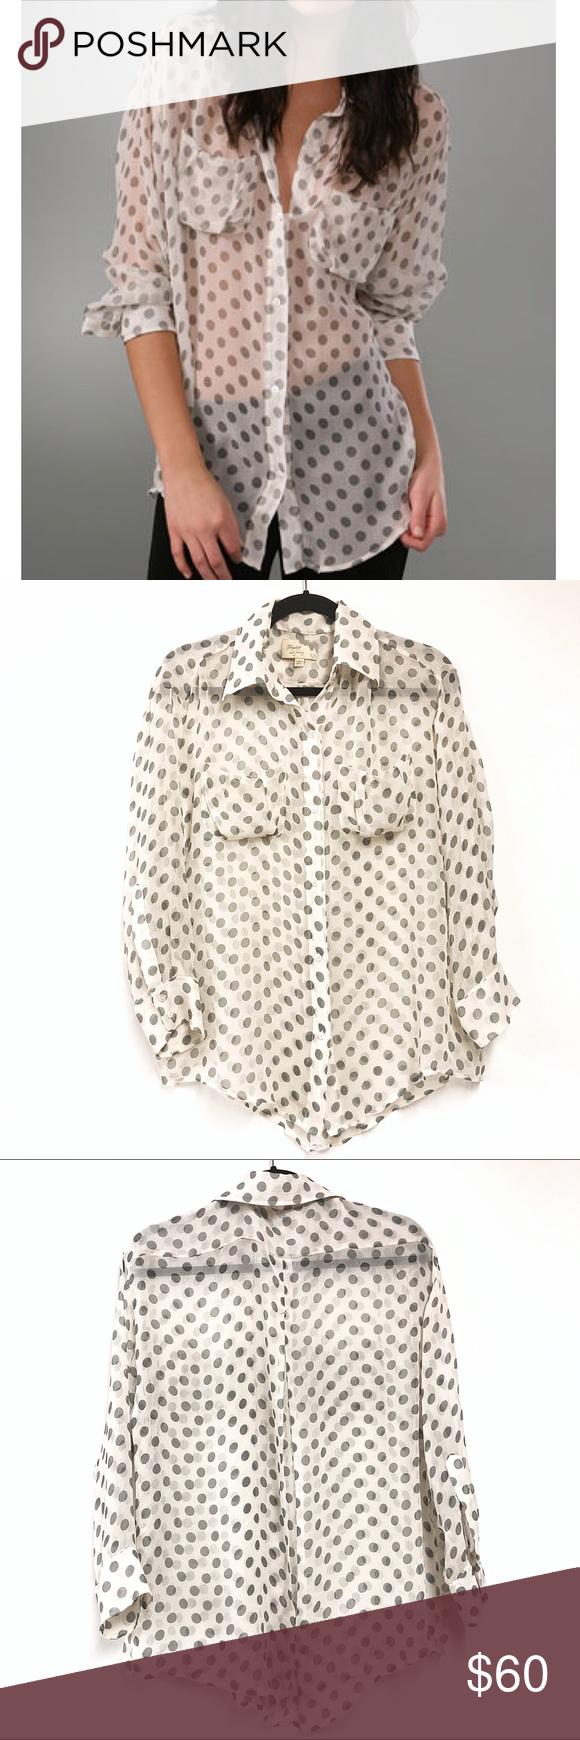 b5884de1b33a3 Elizabeth   James Silk Blouse Elizabeth   James  Artist  polka dot silk-chiffon  blouse. Size XS. Chest pockets. Sheer. Great condition. Retail  245.
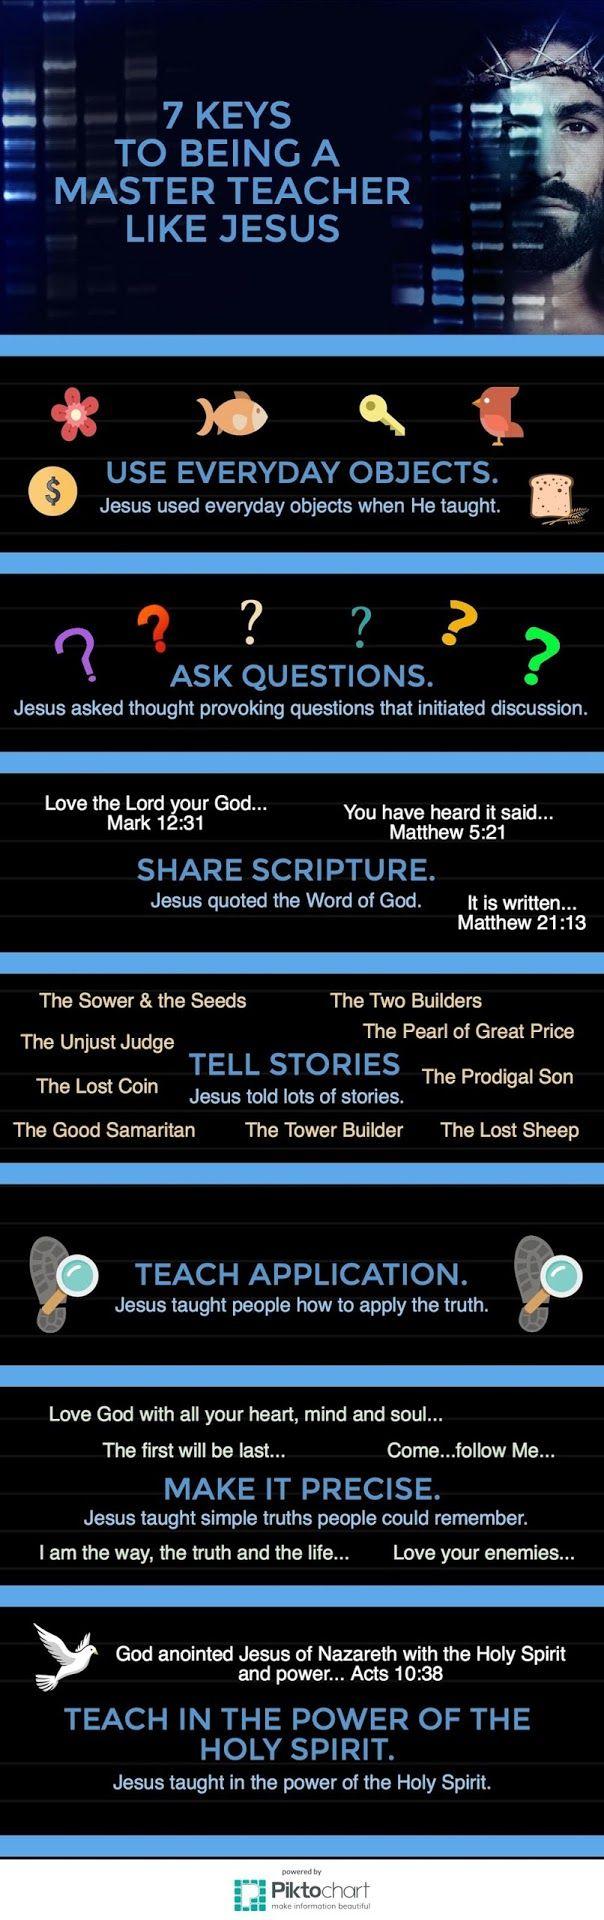 7 Keys to Being a Master Teacher Like Jesus ~ RELEVANT CHILDREN'S MINISTRY
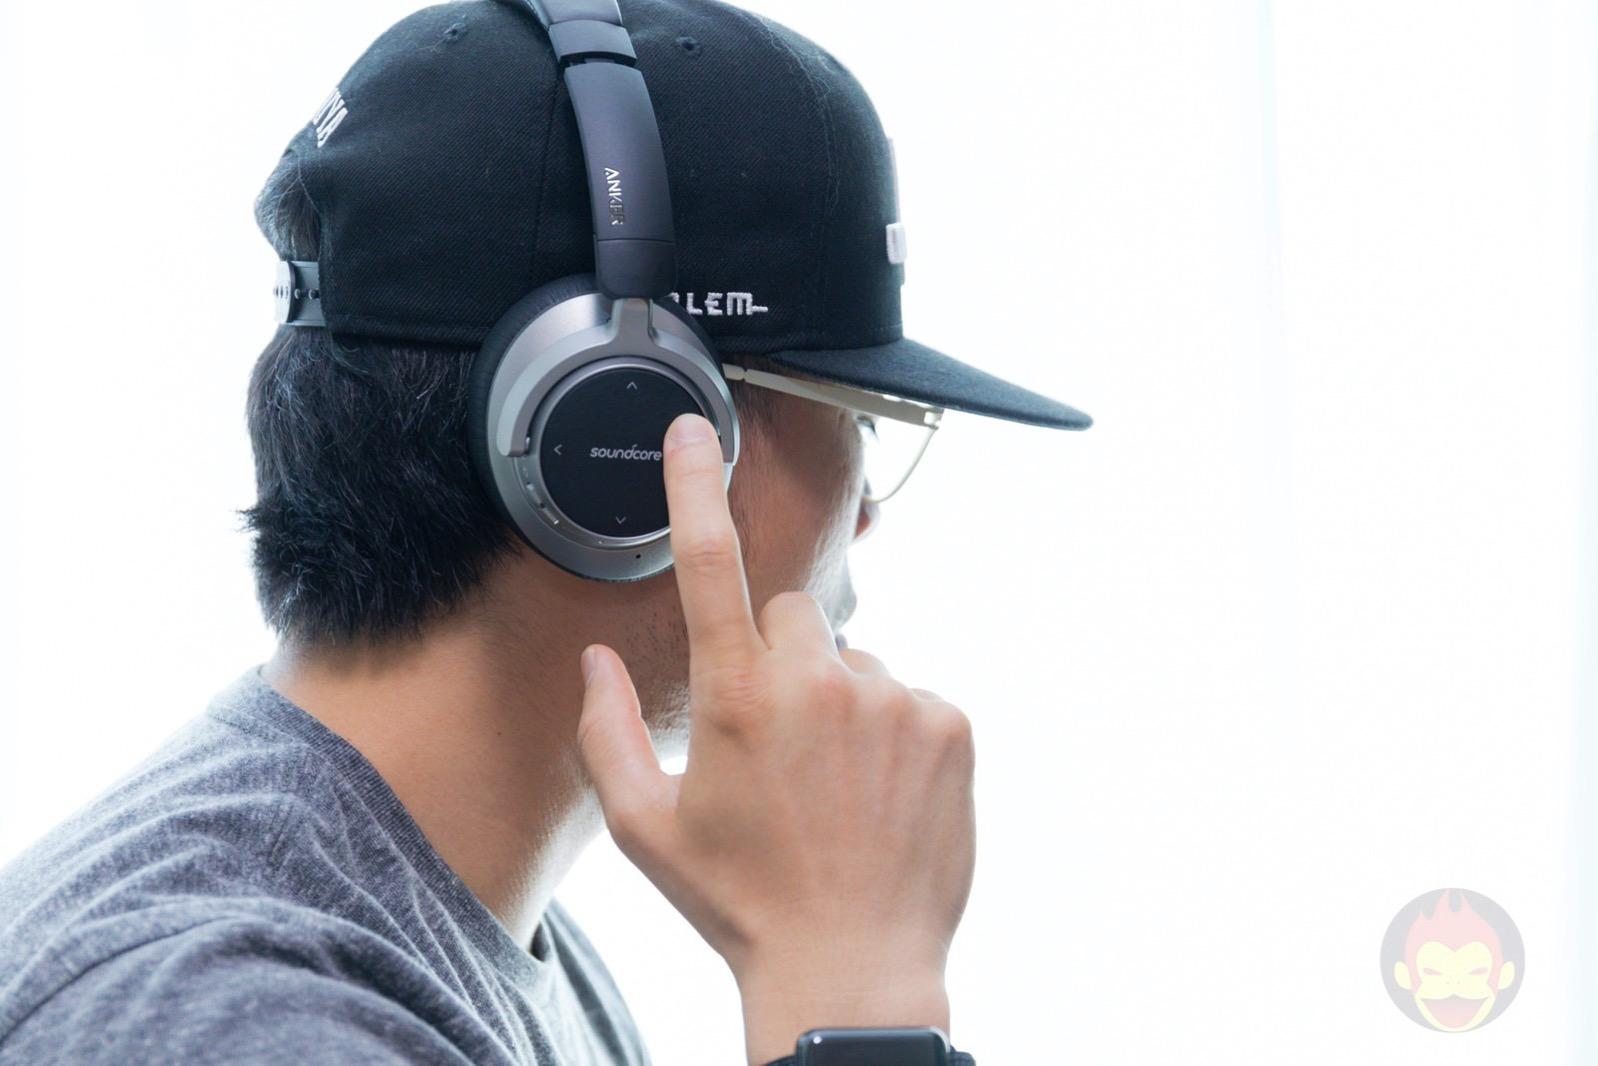 Soundcore-Space-NC-Wireless-Headphones-19.jpg

********************

**PROBLEM REQUIREMENTS**: Reproduce the listing verbatim, pictures excluded.

**EXERCISE SOLUTION**:
 b5884de1b33a3 Elizabeth   James Silk Blouse Elizabeth   James  Artist  polka dot silk-chiffon  blouse. Size XS. Chest pockets. Sheer. Great condition. Retail  245.
 7 Keys to Being a Master Teacher Like Jesus ~ RELEVANT CHILDREN'S MINISTRY
 Soundcore-Space-NC-Wireless-Headphones-19.jpg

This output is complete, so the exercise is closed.